Maybe saying Family Guy style would have worked better than Seth McFarlane style.

Edit: I am now realizing that Todd is a very different McFarlane, so generic comicbook style is acceptable, if not perfect.

DeadwastePrime · Aug 13, 2024

inception_state said:
Eg.

First try and it's dead-on.

if we're being technical, the clown's legs arent peddling the thing

Train Operator · Aug 14, 2024

whatever I feel like said:
it can't draw an accurate Jar Jar Binks to save its life.

that's why pony is still king

whatever I feel like · Aug 14, 2024

Train Operator said:
that's why pony is still king

View attachment 6308557

Now have him lovingly embracing Shrek.

The Mass Shooter Ron Soye · Aug 14, 2024

Artists claim “big” win in copyright suit fighting AI image generators (archive)

In an order on Monday, US district judge William Orrick denied key parts of motions to dismiss from Stability AI, Midjourney, Runway AI, and DeviantArt. The court will now allow artists to proceed with discovery on claims that AI image generators relying on Stable Diffusion violate both the Copyright Act and the Lanham Act, which protects artists from commercial misuse of their names and unique styles.

Catgirl Tyranid · Aug 14, 2024

The Mass Shooter Ron Soye said:
Artists claim “big” win in copyright suit fighting AI image generators (archive)

Kill copyright. Behead copyright. Roundhouse kick copyright into the concrete. Slam dunk copyright lovers into the trashcan. Crucify the filthy Lanham Act. Defecate in copyright's food. Launch copyright into the sun. Stir fry copyright in a wok. Toss copyright into active volcanoes. Urinate into a copyright lover's gas tank. Judo throw copyright into a wood chipper. Twist copyright'ss heads off. Report copyright's to the IRS, wait not that one. Karate chop copyright in half. Curb stomp the Copyright Act. Trap copyright lovers in quicksand. Crush copyright in the trash compactor. Liquefy copyright in a vat of acid. Eat copyright. Dissect copyright. Exterminate copyright in the gas chamber. Stomp copyright skulls with steel toed boots. Cremate copyright in the oven. Lobotomize copyright. Mandatory abolition of copyright. Grind copyright in the garbage disposal. Drown copyright in fried chicken grease. Vaporize copyright with a ray gun. Kick old copyright down the stairs. Feed copyright to alligators. Slice copyright with a katana.

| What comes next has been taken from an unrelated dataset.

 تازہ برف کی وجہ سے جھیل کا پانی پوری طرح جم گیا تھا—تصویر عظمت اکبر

inception_state · Aug 15, 2024

All images are made for the purpose of parody, etc, etc. People are already training real person LoRAs for Flux and they are pretty good.

Susanna · Aug 15, 2024

The Mass Shooter Ron Soye said:
Artists claim “big” win in copyright suit fighting AI image generators (archive)

Learn to mine coal.

The Mass Shooter Ron Soye · Aug 15, 2024

Musk’s new Grok upgrade allows X users to create largely uncensored AI images (archive)

Susanna said:
Learn to mine coal.

Learn to polish the knobs of coal-mining robots.

whatever I feel like · Aug 15, 2024

The Mass Shooter Ron Soye said:
Musk’s new Grok upgrade allows X users to create largely uncensored AI images (archive)

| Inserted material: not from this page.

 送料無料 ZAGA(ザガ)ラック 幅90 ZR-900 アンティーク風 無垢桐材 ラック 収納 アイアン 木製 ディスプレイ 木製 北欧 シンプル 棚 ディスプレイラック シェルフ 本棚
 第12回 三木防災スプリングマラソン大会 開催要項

View attachment 6310177 View attachment 6310178

Learn to polish the knobs of coal-mining robots.

Oh no, how awful, now people will confuse that AI generated fake news image of Donald Trump surfing on an airplane with cat girls with the real thing. We must protect Our Democracy and ban this.

Post Reply · Aug 15, 2024

https://fastflux.ai/

https://www.reddit.com/r/StableDiffusion/comments/1esxa5y/generating_flux_images_in_near_realtime/

Someone has set up a microsite generating images with Flux. No account needed or anything for the moment.

Synthetic Smug · Aug 15, 2024

The Mass Shooter Ron Soye said:
Musk’s new Grok upgrade allows X users to create largely uncensored AI images (archive)

View attachment 6310177 View attachment 6310178

Learn to polish the knobs of coal-mining robots.

Can confirm Grok is pretty good, just as long as you don't ask for anything too exacting or technical. Code assist also seems not terrible.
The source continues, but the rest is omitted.